Since becoming widely used to manage chronic pain more than two decades ago, opioid drugs have become amongst the most widely-prescribed class of medications in Canada. Canadians are the second highest per capita consumers of prescription opioid medications in the world, with an average of 53 prescriptions written for every 100 people each year.

Unfortunately, the widespread availability of prescription opioid medications and their highly addictive nature have resulted in a dramatic rise in the rate of opioid dependency and has fuelled a growing crisis that has affected every province in Canada. Overdoses involving fentanyl—a synthetic opioid that is 50 to 100× more potent than morphine—have resulted in at least 655 deaths in Canada between 2009-2014. In Ontario, there was a staggering 867 opioid-related deaths in 2016 alone.

While there is much discussion and debate amongst regulatory bodies, healthcare experts and the public on how to curb the opioid crisis, relative little has been said about the damning role of the profit-driven pharmaceutical industry that had sparked the crisis. In 1995, Purdue Pharma—an American pharmaceutical company—produced and began to market OxyContin, a semisynthetic opioid produced from the Persian poppy plant, to physicians as a safe and effective means of controlling chronic, non-cancer pain. Purdue, by its own admission, deliberately misled physicians about the risks of prescribing this drug—claiming that it had little addictive potential. As a result, OxyContin became the first opioid drug to be widely used to manage pain and opened the way for the massive over-prescription of these medications and the resultant surge in opioid addiction.

Tragically, this spike in the rate of opioid addiction opened the door for the establishment of a black market of street opioids, including fentanyl and now the ultra-potent carfentanyl. All of this has led to the highest narcotic abuse rates in history, a crisis that has touched the lives of far too many people in Ontario and indeed all of Canada. In addition to overdose-related deaths, the opioid crisis has also brought forward a resurgence in the rate of HIV transmission in Ontario municipalities and in an alarming number of new cases of sepsis and endocarditis related to injection drug use.

All the while, Purdue Pharma remains largely untouched by the crisis they helped create. While the company has been forced to pay a number of settlements in lawsuits related to the opioid crisis, Purdue still enjoyed profits to the tune of $35 billion USD in 2017, and has been permitted to continue to manufacture and sell “next-generation” opioid medications that are supposedly “tamper-proof”.

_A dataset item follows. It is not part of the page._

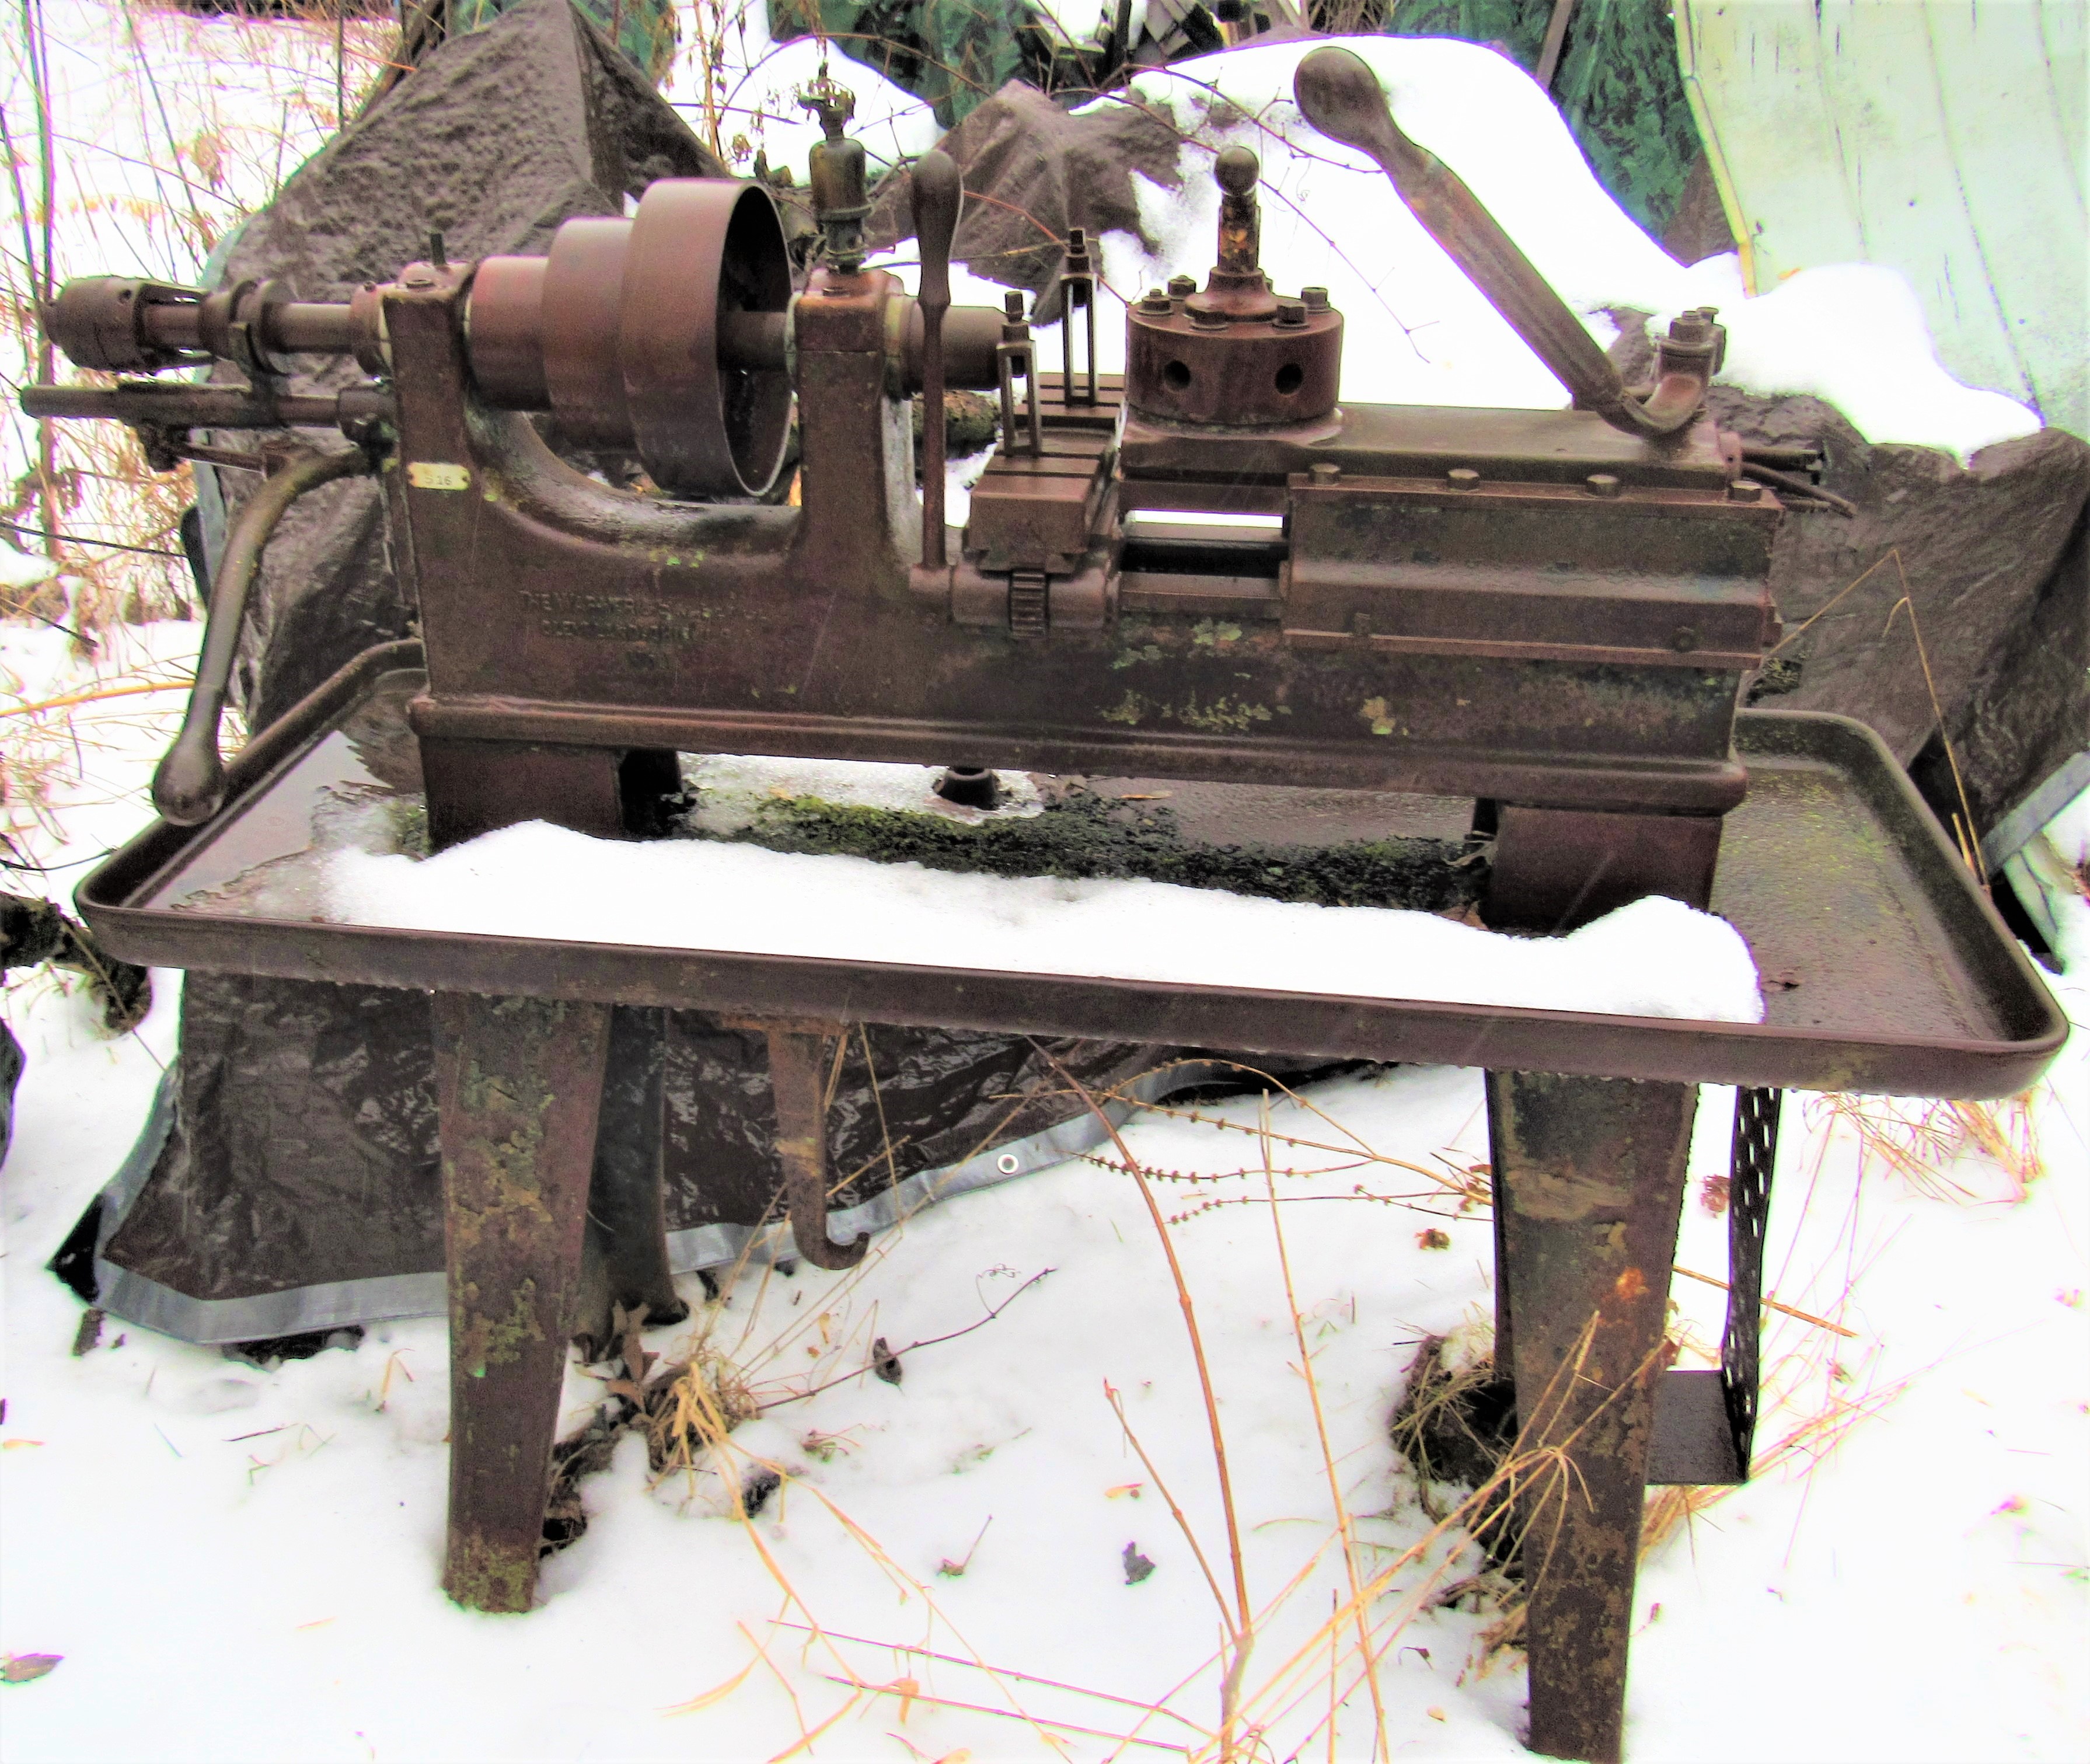 http://antiquemachinery.com/images-2020/IMG_0729-Antique-Old-Vintage-Machines-I-Bought-are-home-safe--Warner-and-Swasey-Turret-Lathe-side-main-view.jpg
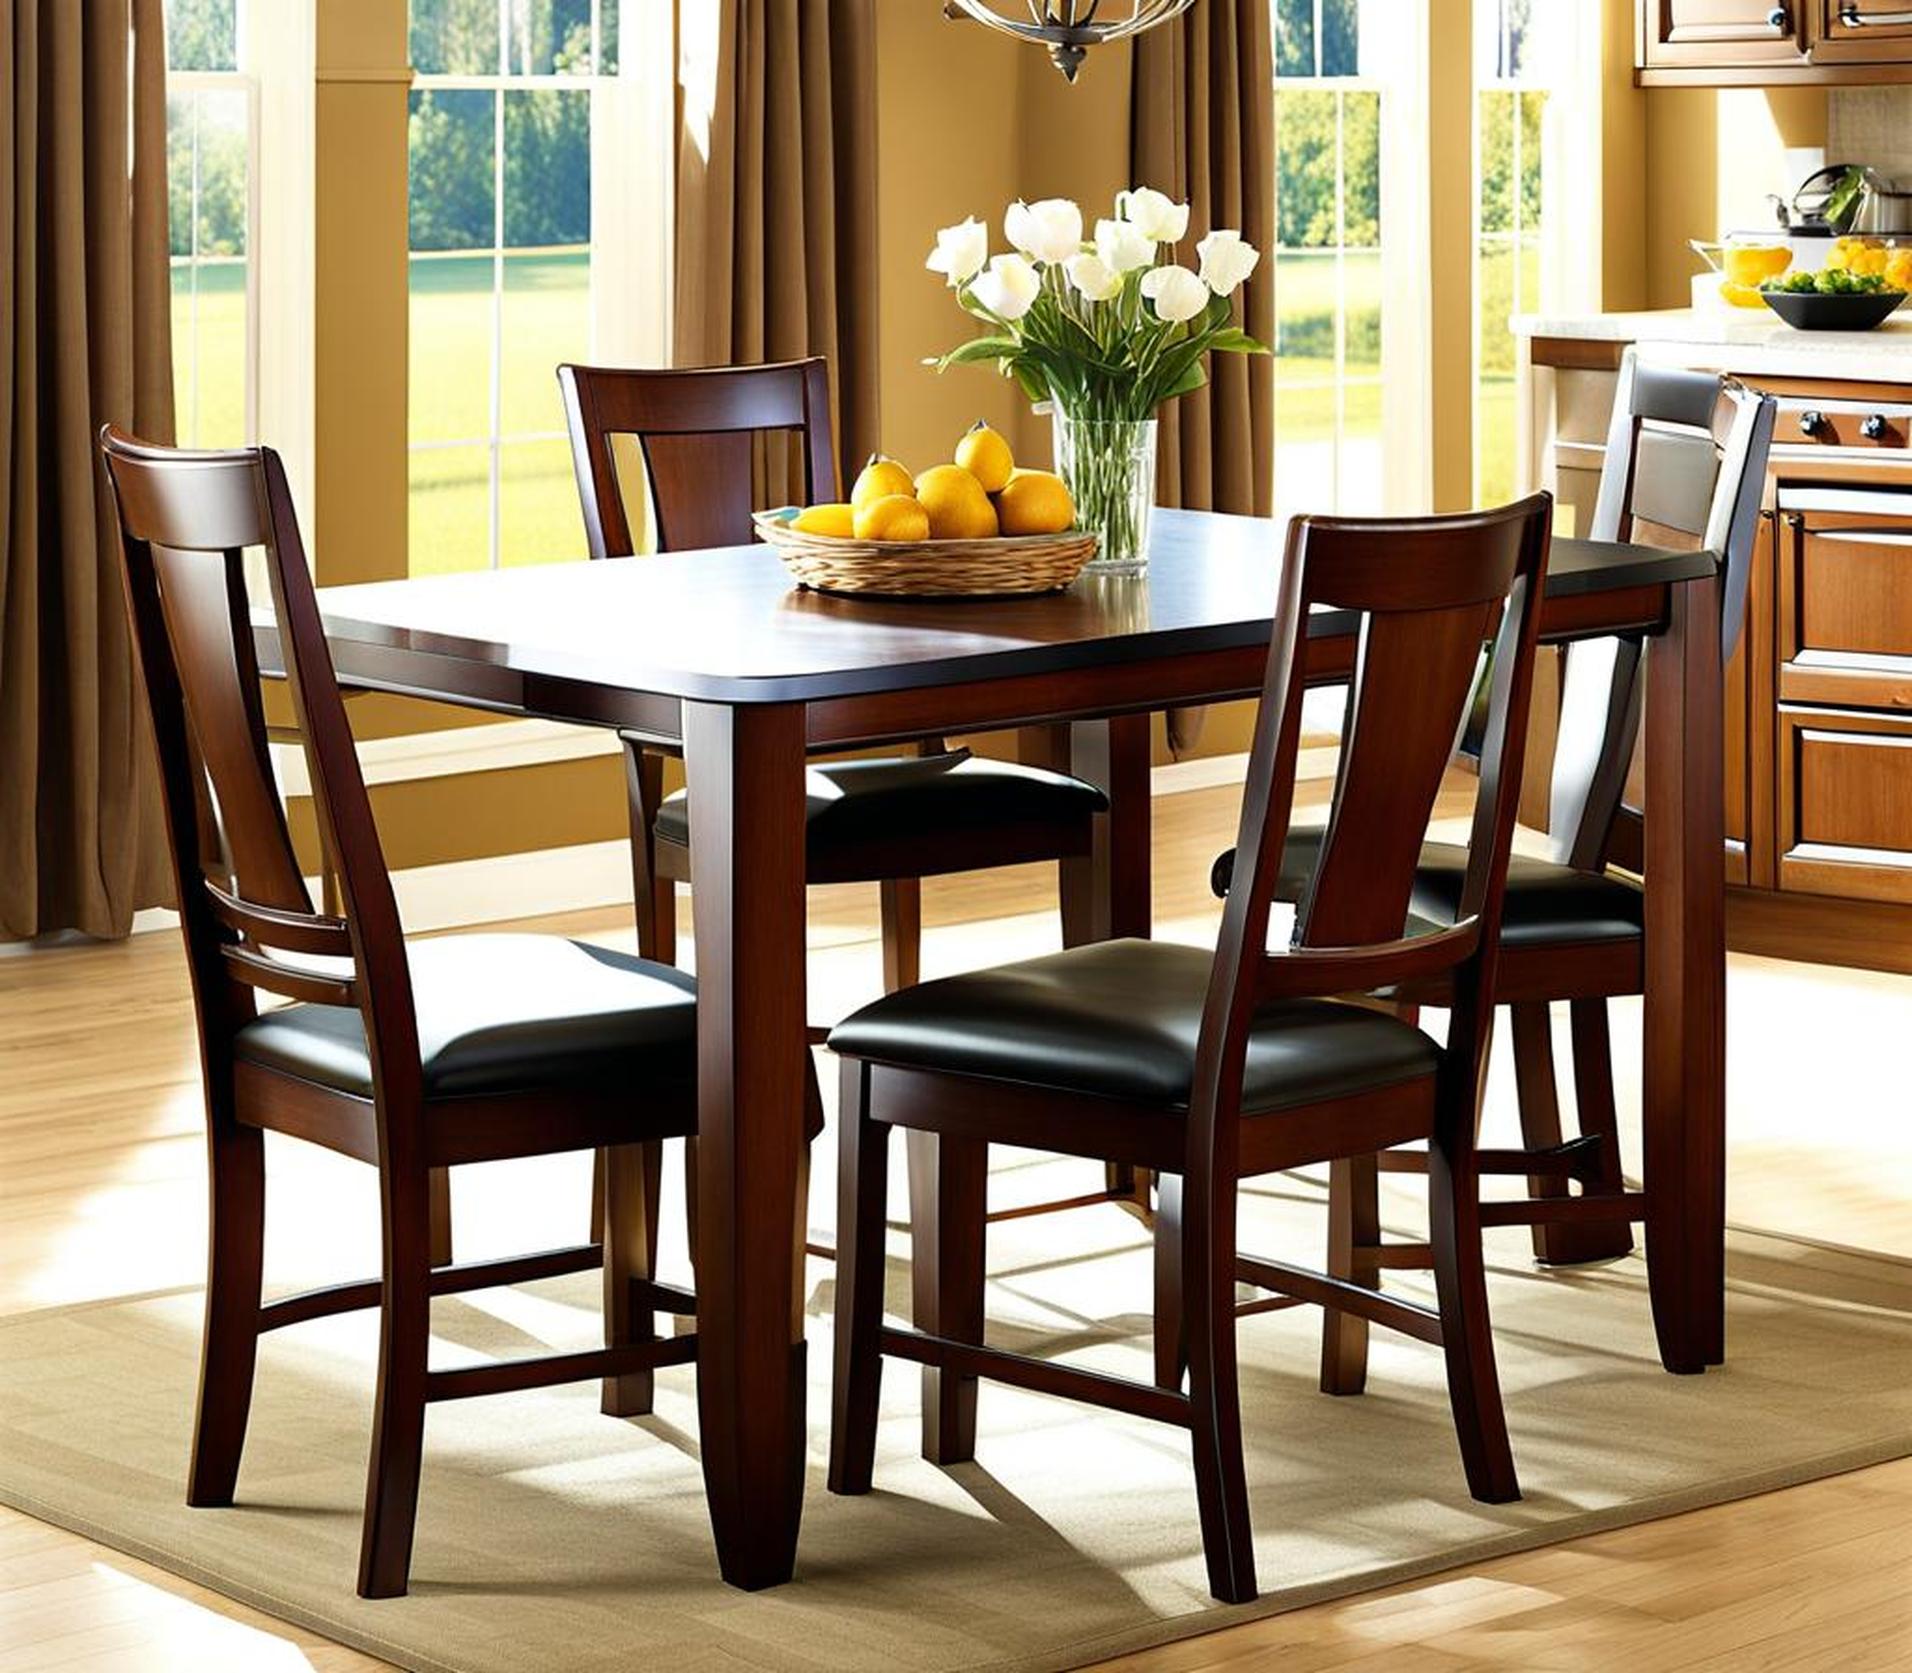 kitchen chairs with arms for elderly

While the Ontario government has taken some steps towards combatting the opioid crisis, including making naloxone kits available free-of-charge at pharmacies and public health units, and implementing improved systems to track opioid prescribing and opioid-related ER visits, hospitalizations and deaths, we find their response to be unacceptably tepid.

The Communist Party of Ontario calls upon the Ontario provincial government to:

  1. Declare a public health emergency, similar to what has been done by the government of British Columbia in order to maximally mobilize resources to combat the opioid crisis,
  2. Immediately release funding and renew pressure on municipalities across the province to establish safe consumption sites, and
  3. Demand that Purdue Pharma and its Canadian subsidiary, Purdue Pharma Canada, be held responsible for their role in the opioid crisis by all available legal means.

As a Party, we also support measures that would reduce the dependency on opioid medications for chronic pain management, including the re-listing of physiotherapy and inclusion of psychotherapy as services covered under OHIP, and funding for multidisciplinary pain clinics that can effectively provide non-pharmacological modalities of chronic pain control.